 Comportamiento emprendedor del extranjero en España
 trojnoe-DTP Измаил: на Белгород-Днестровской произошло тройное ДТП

...

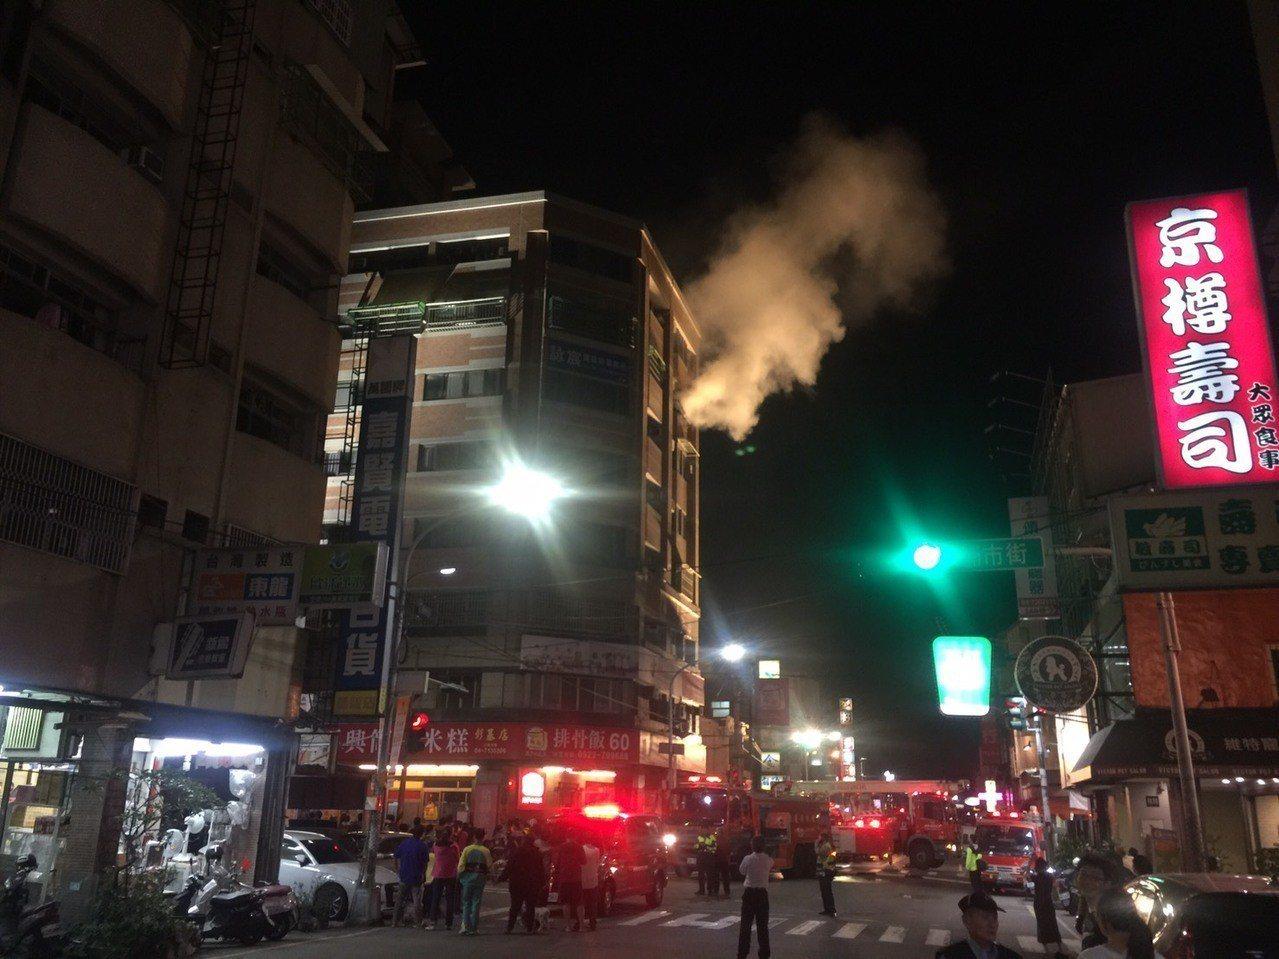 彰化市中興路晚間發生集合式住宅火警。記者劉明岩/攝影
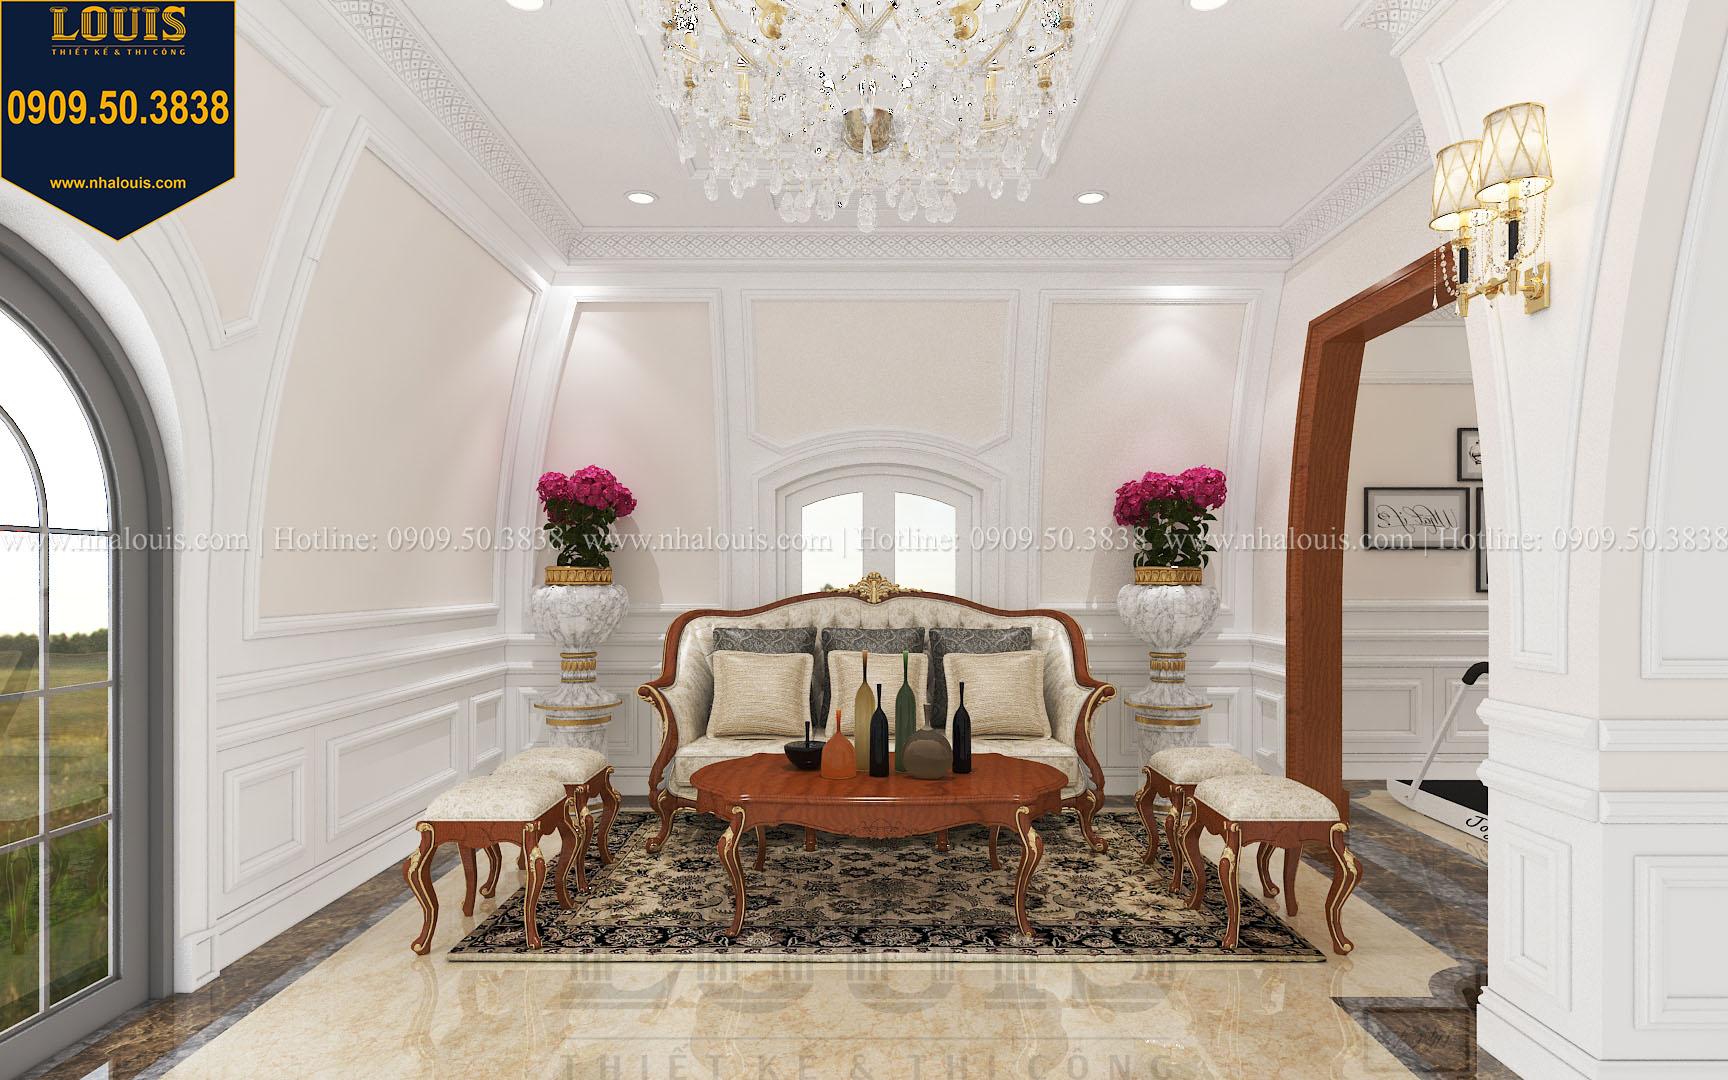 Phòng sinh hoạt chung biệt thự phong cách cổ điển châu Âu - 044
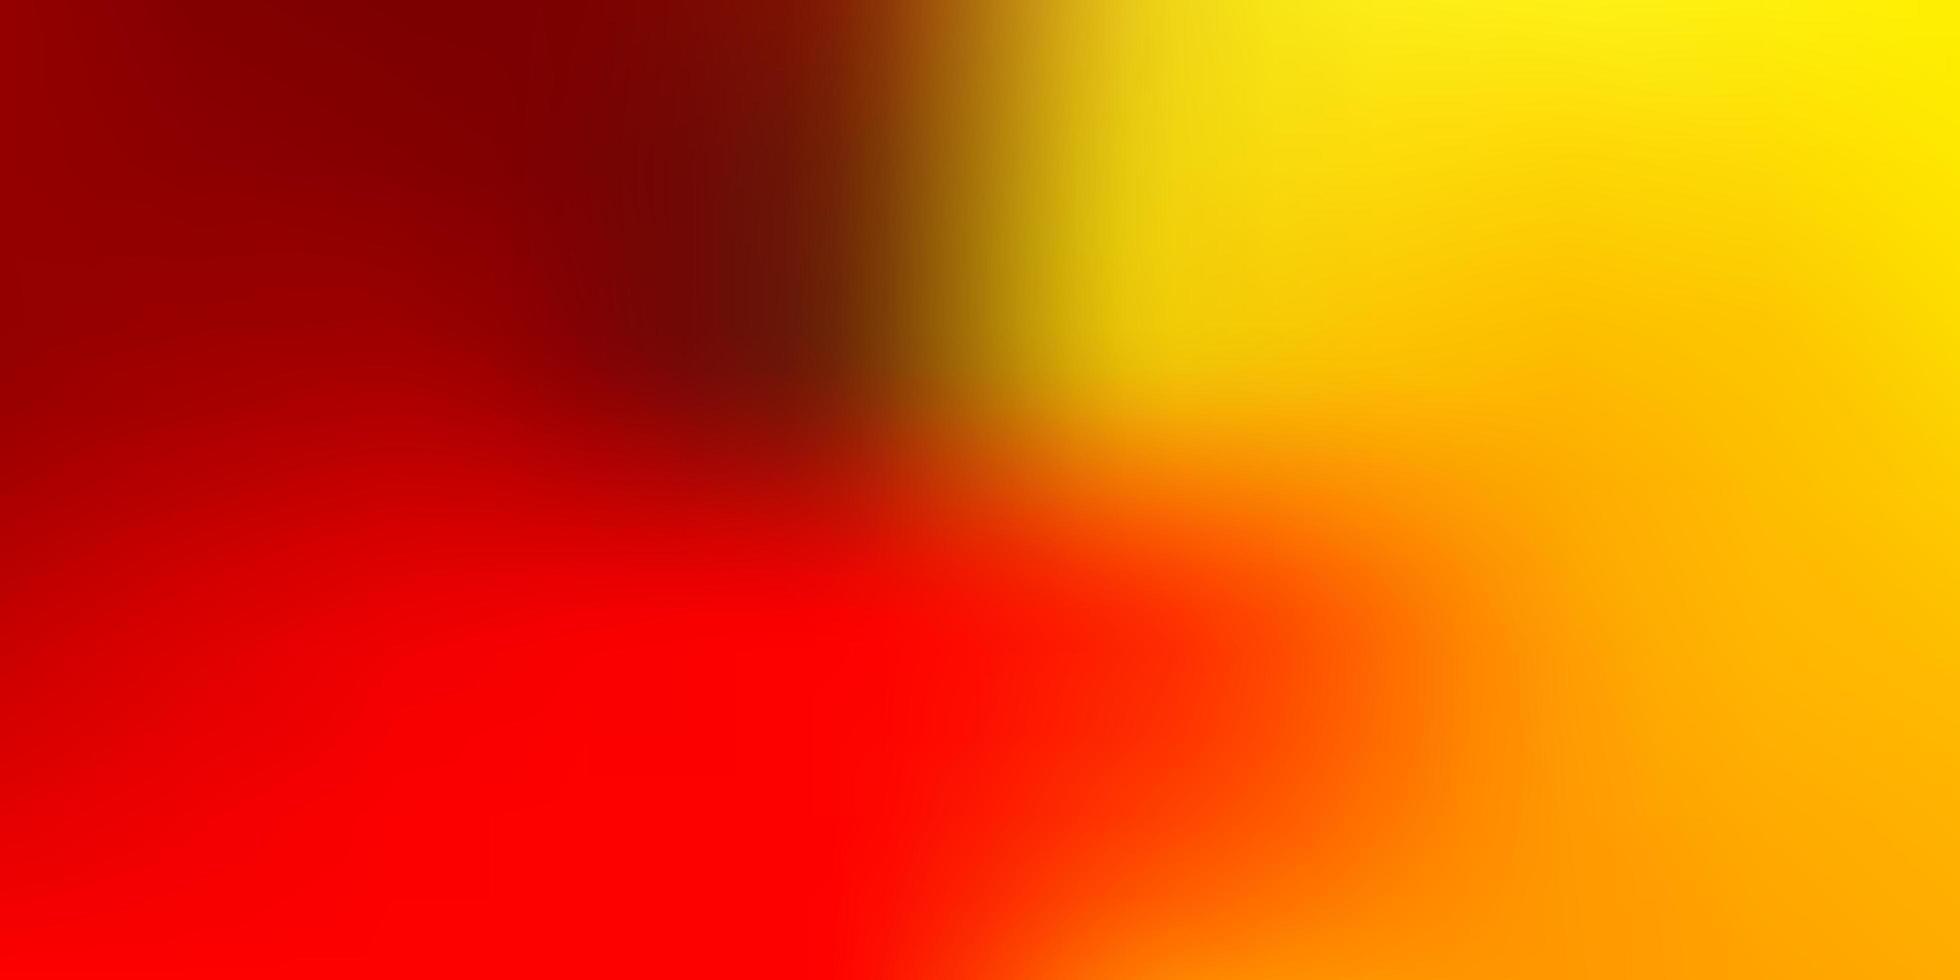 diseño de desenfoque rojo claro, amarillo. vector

[Exercise aim] Your answer should be the lines above, from the line containing "Comportamiento emprendedor del" up to and including the line containing "trojnoe-DTP Измаил: на", reproduced exactly and with nothing else.

[Task response]
 Comportamiento emprendedor del extranjero en España
 trojnoe-DTP Измаил: на Белгород-Днестровской произошло тройное ДТП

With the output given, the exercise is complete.